4 Lessons I’ve Learned About Fleet Managers

I believe the key to successfully integrating fleet business into retail business is knowing the difference behind each customer's motivation. I have seen far too many shops try to do both with disastrous results, because they think one size fits all, and that is just not the case. So, when it comes to fleet managers…

I believe the key to successfully integrating fleet business into retail business is knowing the difference behind each customer's motivation. I have seen far too many shops try to do both with disastrous results, because they think one size fits all, and that is just not the case. So, when it comes to fleet managers and retail customers, what are the main differences?

1. Quality

  • Mr. Smith finds quality very important because his family rides in this car. When his wife and children are out late for soccer practice, he does not want to have to worry about them breaking down.
  • Smith Electrical also finds quality to be very important, but for different reasons. A breakdown in the middle of the day because something was not correctly repaired, or an inferior part was used is catastrophic to his operation.
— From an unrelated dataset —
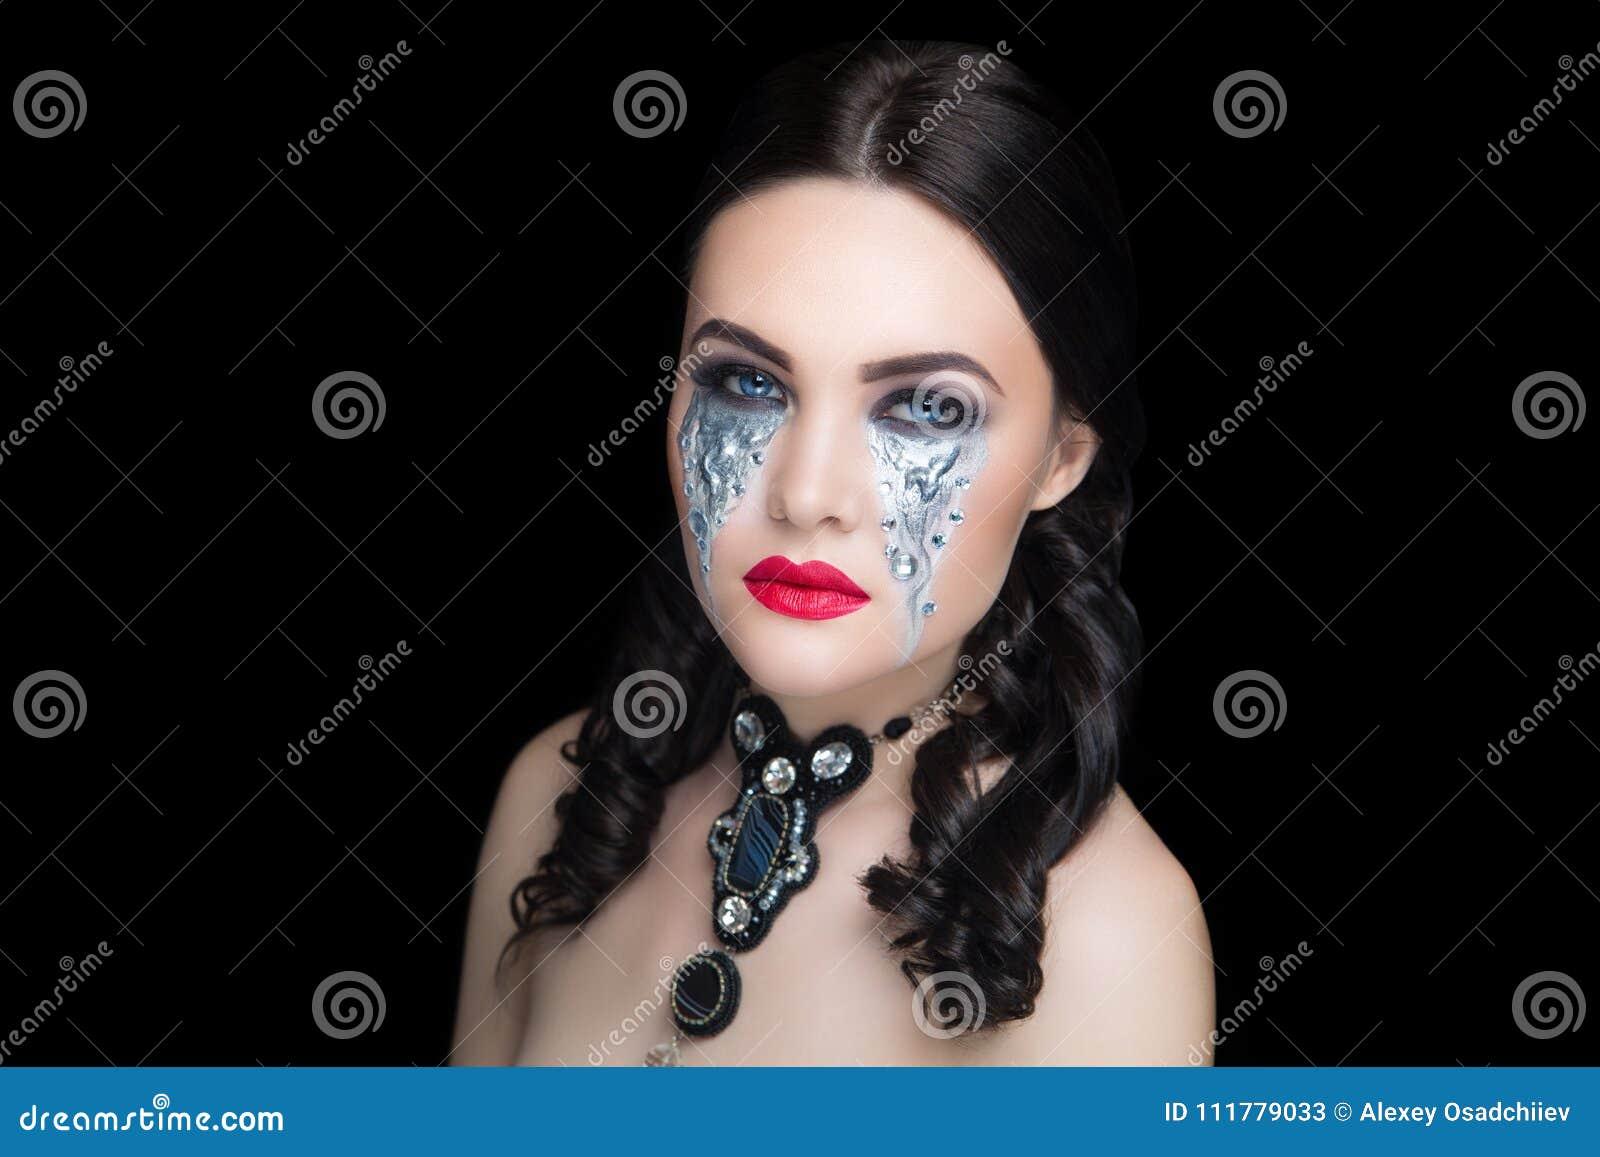 Woman art make up silver tears

Now he has to stop what he's doing, get a rental or loaner out to his technician, move tools around, find a tow truck, call the customer to explain that they are running behind, and then reschedule the rest of his day.
  • Lesson learned – while price is an important factor with any fleet manager, you have to find the right balance between that and high quality. It also goes without saying that you HAVE to hire the best technicians so the work is done right the first time.

2. Service

  • Mrs. Smith looks at proper service as prolonging the life and increasing the value of her car.
  • Smith Heating and Air occupants it an expense that may or may not be necessary. Some fleet managers want the least possible amount of work done. Some want the vehicle to be in top shape at all times. Most are a mixture of both things.
  • Lesson learned – ASK the customer how he wants the trucks taken care of and then do it.

3. Turnaround

  • Mr. Smith wants his car back today so he can go home.
  • Smith Plumbing wants their van back right now so they can service their customers. A fleet vehicle is a tool, used to carry out whatever type of business you're in. It could be a lot of different professions, from plumbing to sales. Whatever the purpose, that company depends on that vehicle to do their job.
  • Lesson learned – sometimes you got to stay late to get the job done, so they can get the truck loaded and on the road first thing the next morning.

4. Communication

  • Mrs. Smith needs to know when her car is going to be ready so she can catch a ride to pick it up.
  • Smith Moving needs to know when his box truck is going to be ready so he can make a decision about renting a replacement truck or not.
  • Lesson learned – communicate with your customer at the earliest possible time so that you do not paint them into a corner at the end of the day. While communication is equally important for both customers, the ramifications can be far greater for the fleet manager.

While it is very true that all customers deserve your very best service, knowing the difference behind each customer's motivation is critical to your success. Without understanding how your customer thinks, you simply can not help them make a decision that is in their best interest, which, in the end, is our real job anyways.